El universo de Oliver Sacks, el mundo visto desde la perspectiva de un neurólogo, es sin duda fascinante. Pacientes que no pueden formar memorias nuevas y viven en un presente permanente; otros que han perdido la propiocepción, el sentido de la posición de algunas partes del cuerpo respecto de otras; dos gemelos savants autistas como el protagonista de la película Rainman, que se comunican entre sí recitándose números primos; personas que sufren el síndrome de Tourette o la enfermedad de Parkinson; una sociedad donde todos los miembros padecen de modo congénico acromatopsia (cegera al color), en el atolón de Pingelap en la Micronesia, y cómo han desarrollado una cultura sin colores; un hombre que siente que su pierna no le pertenece y desea que se le ampute... todo un abanico de situaciones extremas para el cerebro y la percepción humana que, sin embargo, no le quitan ni un ápice de humanidad a quienes las padecen.

Sacks no sólo relata las historias de otros. Dado que todos sus casos clínicos lo implican directamente, existe una gran dosis de autobiografía en ellos. Así, además de las memorias de su infancia apasionado por la química, su libro, Con una sola pierna, está dedicado totalmente a la experiencia que sufrió Oliver Sacks al perder el control de una de sus piernas a resultas de una caída. Igualmente, en uno de los ensayos de El hombre que confundió a su mujer con un sombrero, habla de un alumno de medicina de 22 años de edad que después de una noche de fiesta con el consumo de al menos tres drogas distintas, despierta para encontrase que su sentido del olfato se ha intensificado tremendamente. Años después, confesaría que el personaje era él mismo.

Los personajes-pacientes de los libros de Oliver Sacks, multipremiado como escritor científico, divulgador y ensayista, no son sólo fenómenos que se exhiben como rarezas, son inevitablemente seres humanos, vistos como tales en todo caso y, de modo muy especial, el neurólogo se ocupa de analizar y explicar cómo los pacientes consiguen adaptarse a las más extrañas e incapacitantes afecciones neurológicas para seguir adelante con vidas felices y, en muchos casos, productivas.

El más reciente libro de Sacks, Musicofilia, es nuevamente un relato de afecciones peculiares, en este caso relacionadas con la música, retomando una fascinación que siempre ha caracterizado al autor sobre los efectos benéficos e incluso terapéuticos de la música. En él encontraremos a un cirujano que se obsesiona con Chopin después de ser alcanzado por un relámpago, a un psicoanalista que alucina con un rabino cantor y a un músico amnésico con una memoria de sólo unos pocos segundos, pero que sin embargo puede tocar en el piano largas fugas de Bach.

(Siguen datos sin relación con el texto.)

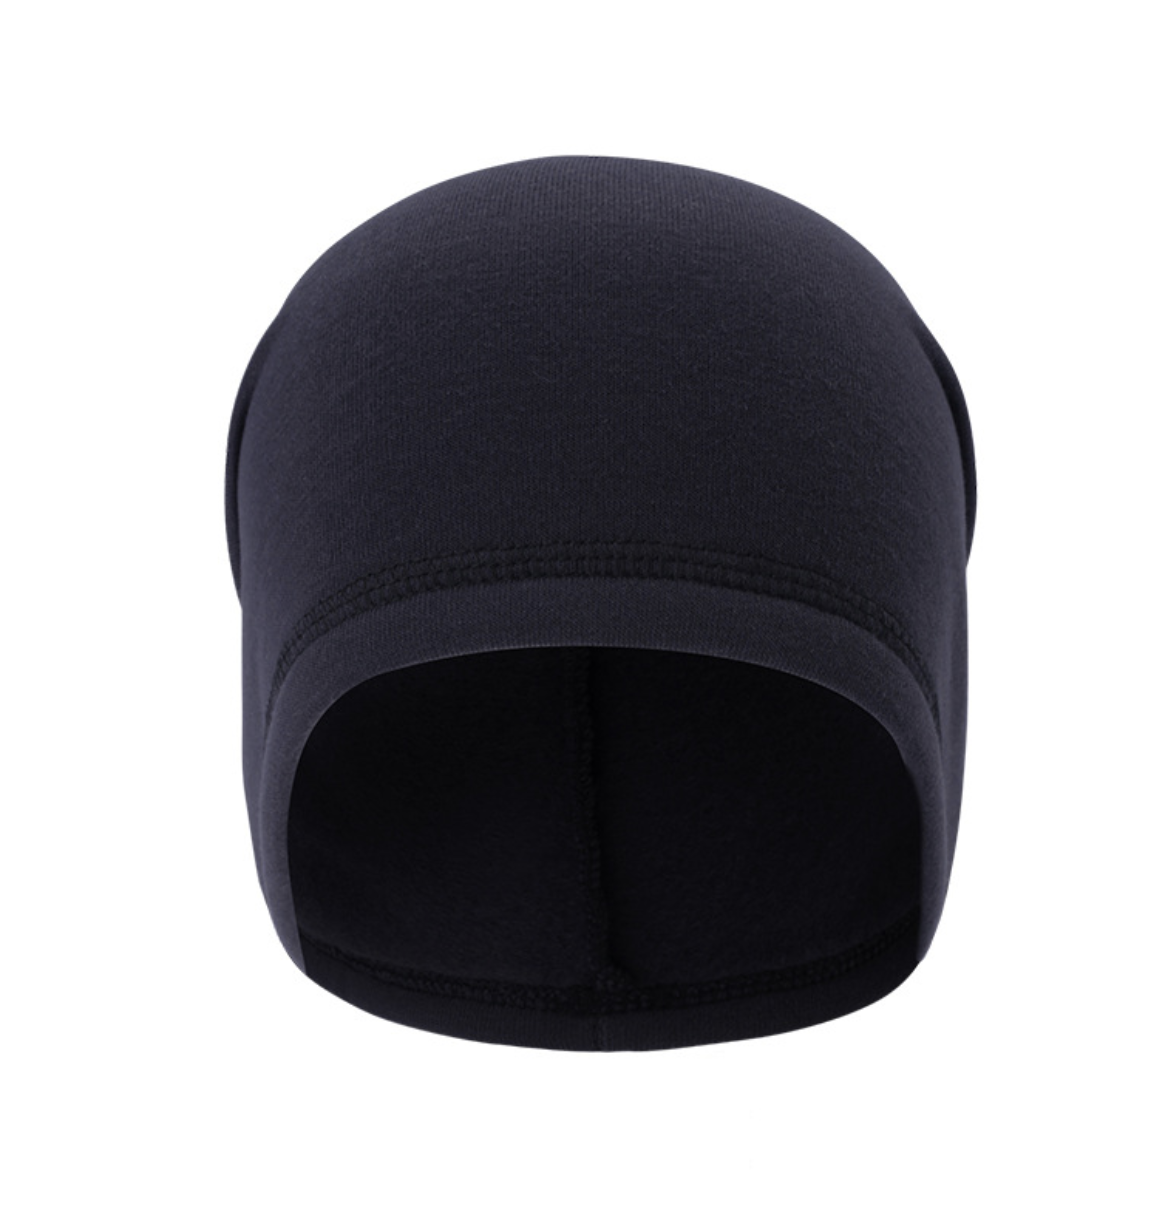 Black Windproof Beanie Hat Cap Slouch Neo Thermal Winter Warm Ski Fleece Lined

Otra forma de ver nuestra relación con la música.


Una ópera

Además de la adaptación al cine de su libro Despertares, esta obra también fue la inspiración para la obra teatral A kind of Alaska, del conocido dramaturgo Harold Pinter, y otros de sus trabajos se han adaptado al cine y la televisión. Pero nada más inesperado que el ensayo que da título a su libro El hombre que confundió a su mujer con un sombrero se convirtiera en una ópera de cámara para tenor, barítono y soprano, del compositor minimalista Michael Nyman, estrenada en Londres en 1986.